Expert knowledge and discovered knowledge are two powerful tools that can be combined. Used together they maximize the qualities that they have separately.
An expert system operates on a knowledge base that contains the knowledge elicited from the expert (EK). This knowledge base is represented by some formalism (rules, frames, Bayesian networks, etc.) and is built by the knowledge engineer from elicited expert knowledge and, later, validated by the expert. Evidently, the system is subject to and limited by the amount of knowledge entered, that is, represented in its knowledge base. And, precisely, the bottleneck in expert system construction is knowledge elicitation, a phase conditioned by countless constraints ranging from the number of available experts, or how much expertise the experts have, to the complexity of the actual knowledge elicitation process.
Recently, automatic knowledge acquisition techniques have attracted a lot of interest as they are potentially a big help for remedying this bottleneck. The knowledge discovery in databases (KDD) process, especially data mining techniques, is used to automatically discover knowledge from data. The knowledge discovered by data mining (DMK) is implicit in the data and can take the shape of patterns or models that fit the data, trends in temporal data, associations among different data features, rules, etc.

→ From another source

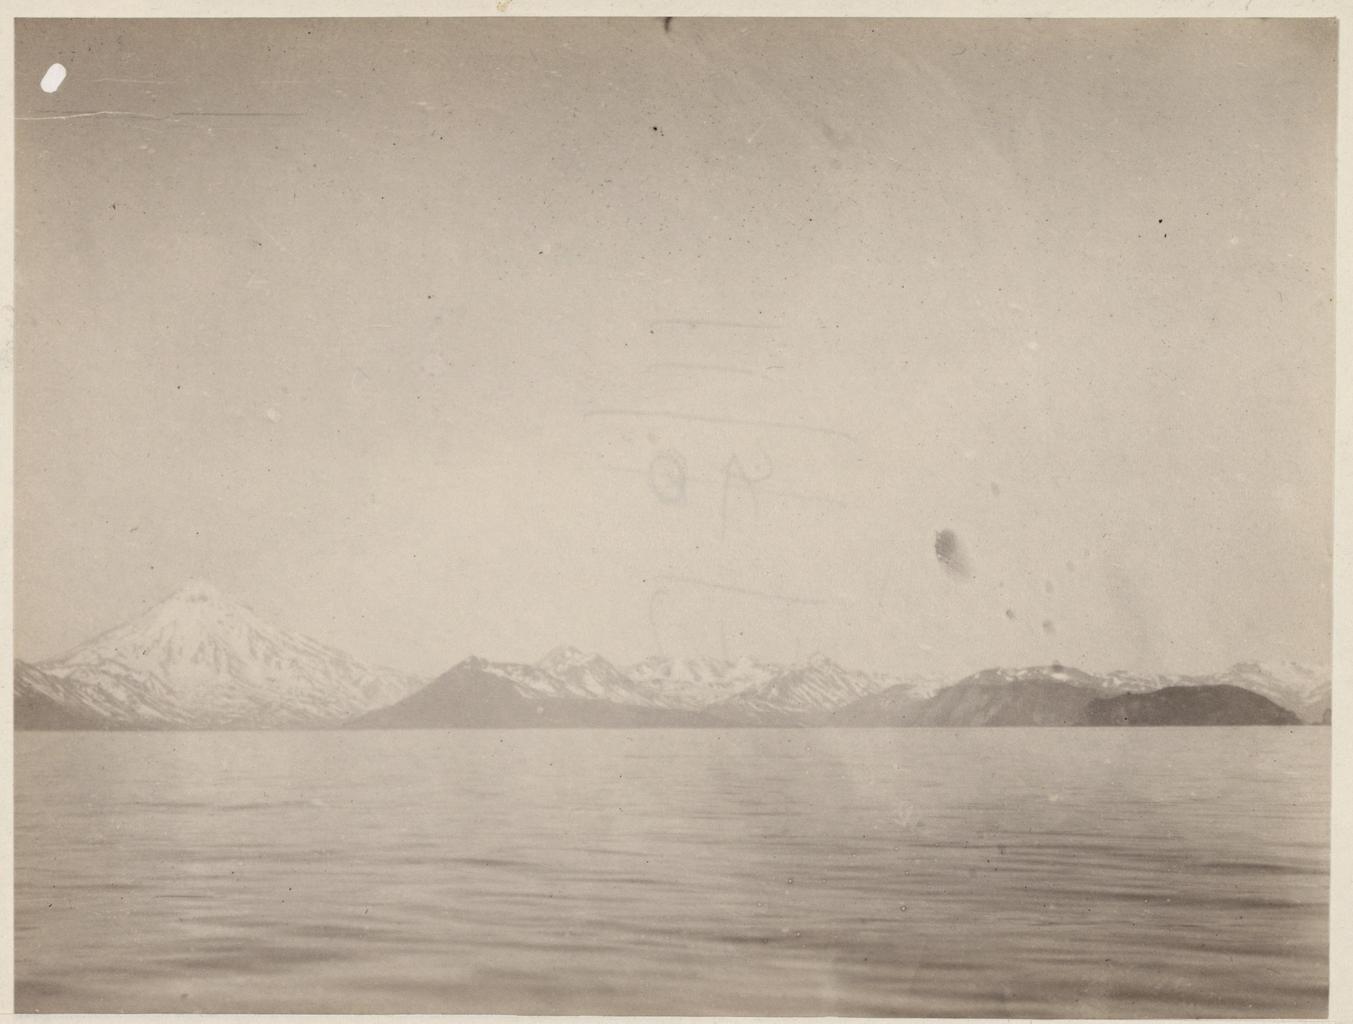 Западный берег Камчатки с Вилючинской сопкой при входе в Авачинскую губу

The key point is that these two approaches, knowledge elicitation from experts and knowledge discovery from data, complement each other (da Silva et al., 2002, Daniels and van Dissel, 2002, de la Vega et al., 2010 and Weiss et al., 2003). Applied together, they can be used to build better systems: data mining techniques can be used to support the different tasks involved in expert system (ES) or knowledge-based system (KBS) development (Flior et al., 2010, Mejía-Lavalle and Rodríguez-Ortiz, 1998, Phuong et al., 2001 and Wang et al., 2004), and expert knowledge can be used to facilitate and improve the results of the different stages of the KDD process (Kusiak and Shah, 2006 and Zhang and Figueiredo, 2006).
The aim of this article is to describe the key results of this interaction between EK and DMK, while highlighting the lessons learned over the years from our own experience of these issues in the medical field, presenting a long-term project called I4 (Intelligent Interpretation of Isokinetics Data). This project integrates expert systems and data mining techniques to process isokinetics data. We believe that the results of and the lessons learned from this project are potentially useful for developing systems incorporating EK and DMK.
The remainder of the article is organized as follows. Section 2 describes related work analyzing other applications that present some facet of this type of cooperation. In Section 3 we outline our I4 project. Sections 4, 5 and 6 describe the three I4 project phases: expert system development, data mining and symbolic data mining. In Section 7 we summarize the lessons learned. And, finally, Section 8 outlines some conclusions
Expert knowledge and data mining discovered knowledge do not have to be two separate problem-solving alternatives. They can be used together, complementarily, to develop, validate and maintain a KBS. In this article, we have highlighted some real examples of how this cooperation can be exploited to build better systems and optimize the resulting system performance. In some cases, the cooperation between these two fields can lead to the construction of systems that would not have been built if it were not for the positive effects of that cooperation.
We detailed a real example of this cooperation in the I4 project, which our research group developed over several years. This project started off as a typical expert system development, but later had to incorporate the development of a data mining system intrinsically linked to the expert system. This second part of the project led to the implementation of a system with numerous functionalities that would not have been possible if only one of the paradigms had been used: EK or DMK.
Noteworthy is the fact that we have been able to draw numerous conclusions from the experience acquired in the development of this project, which we set out in Section 7 of this paper as lessons learned.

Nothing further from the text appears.